▸ WHAT IS BEING ASKED
Please return, with no alterations, the lines below from the very first through the one that contains "Red Bull F1".

▸ AVAILABLE DATA

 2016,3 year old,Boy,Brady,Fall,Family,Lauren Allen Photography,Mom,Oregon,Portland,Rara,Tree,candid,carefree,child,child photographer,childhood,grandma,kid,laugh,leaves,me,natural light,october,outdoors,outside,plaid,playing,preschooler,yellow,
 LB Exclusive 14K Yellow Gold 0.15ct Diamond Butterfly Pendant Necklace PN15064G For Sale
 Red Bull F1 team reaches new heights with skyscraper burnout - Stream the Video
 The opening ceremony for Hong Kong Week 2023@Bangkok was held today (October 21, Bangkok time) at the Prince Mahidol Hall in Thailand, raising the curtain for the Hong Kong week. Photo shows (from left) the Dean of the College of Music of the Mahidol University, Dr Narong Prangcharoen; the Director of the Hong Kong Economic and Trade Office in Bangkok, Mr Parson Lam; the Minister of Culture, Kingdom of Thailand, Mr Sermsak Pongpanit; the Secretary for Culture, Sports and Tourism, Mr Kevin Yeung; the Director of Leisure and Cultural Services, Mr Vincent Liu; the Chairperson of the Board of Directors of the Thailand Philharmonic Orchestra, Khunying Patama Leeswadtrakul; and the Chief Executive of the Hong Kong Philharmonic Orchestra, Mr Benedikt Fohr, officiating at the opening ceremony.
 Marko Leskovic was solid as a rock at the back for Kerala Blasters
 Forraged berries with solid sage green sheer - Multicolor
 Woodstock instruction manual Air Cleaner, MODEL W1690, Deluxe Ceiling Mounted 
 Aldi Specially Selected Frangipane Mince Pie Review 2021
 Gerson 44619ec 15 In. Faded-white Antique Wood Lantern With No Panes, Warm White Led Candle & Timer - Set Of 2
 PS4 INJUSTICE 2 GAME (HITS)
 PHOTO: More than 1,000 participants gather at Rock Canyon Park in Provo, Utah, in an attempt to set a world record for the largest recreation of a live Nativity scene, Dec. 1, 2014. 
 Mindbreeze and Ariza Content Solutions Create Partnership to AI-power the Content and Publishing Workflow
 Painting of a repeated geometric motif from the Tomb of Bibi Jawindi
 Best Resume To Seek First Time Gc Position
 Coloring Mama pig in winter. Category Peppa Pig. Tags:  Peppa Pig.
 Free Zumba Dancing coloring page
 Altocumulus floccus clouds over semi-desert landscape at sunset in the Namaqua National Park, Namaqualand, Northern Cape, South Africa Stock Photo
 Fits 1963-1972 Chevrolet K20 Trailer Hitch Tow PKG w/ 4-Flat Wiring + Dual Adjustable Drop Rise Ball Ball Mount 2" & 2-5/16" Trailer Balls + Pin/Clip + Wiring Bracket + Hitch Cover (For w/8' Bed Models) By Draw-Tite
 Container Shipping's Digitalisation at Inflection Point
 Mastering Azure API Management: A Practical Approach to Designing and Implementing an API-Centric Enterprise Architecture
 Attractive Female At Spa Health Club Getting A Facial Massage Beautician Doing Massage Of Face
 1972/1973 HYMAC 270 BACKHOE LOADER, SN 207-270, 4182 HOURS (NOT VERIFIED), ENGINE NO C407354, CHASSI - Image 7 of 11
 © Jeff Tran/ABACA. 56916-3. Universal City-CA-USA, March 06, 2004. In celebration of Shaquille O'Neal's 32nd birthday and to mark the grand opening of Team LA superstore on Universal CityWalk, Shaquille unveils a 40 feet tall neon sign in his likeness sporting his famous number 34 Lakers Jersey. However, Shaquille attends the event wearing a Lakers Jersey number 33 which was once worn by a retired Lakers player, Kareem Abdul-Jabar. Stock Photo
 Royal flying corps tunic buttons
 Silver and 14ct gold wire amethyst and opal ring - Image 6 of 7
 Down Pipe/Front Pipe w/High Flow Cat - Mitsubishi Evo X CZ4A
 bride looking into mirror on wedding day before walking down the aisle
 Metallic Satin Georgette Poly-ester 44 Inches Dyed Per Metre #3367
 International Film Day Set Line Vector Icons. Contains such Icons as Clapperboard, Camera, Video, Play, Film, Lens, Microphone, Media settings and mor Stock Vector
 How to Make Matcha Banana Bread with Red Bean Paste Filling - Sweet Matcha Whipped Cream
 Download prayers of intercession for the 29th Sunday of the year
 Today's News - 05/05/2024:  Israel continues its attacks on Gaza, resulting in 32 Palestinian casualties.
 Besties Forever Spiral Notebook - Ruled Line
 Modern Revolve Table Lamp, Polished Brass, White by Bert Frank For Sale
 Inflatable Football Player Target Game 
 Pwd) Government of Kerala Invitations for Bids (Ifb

▸ RESPONSE AREA
 2016,3 year old,Boy,Brady,Fall,Family,Lauren Allen Photography,Mom,Oregon,Portland,Rara,Tree,candid,carefree,child,child photographer,childhood,grandma,kid,laugh,leaves,me,natural light,october,outdoors,outside,plaid,playing,preschooler,yellow,
 LB Exclusive 14K Yellow Gold 0.15ct Diamond Butterfly Pendant Necklace PN15064G For Sale
 Red Bull F1 team reaches new heights with skyscraper burnout - Stream the Video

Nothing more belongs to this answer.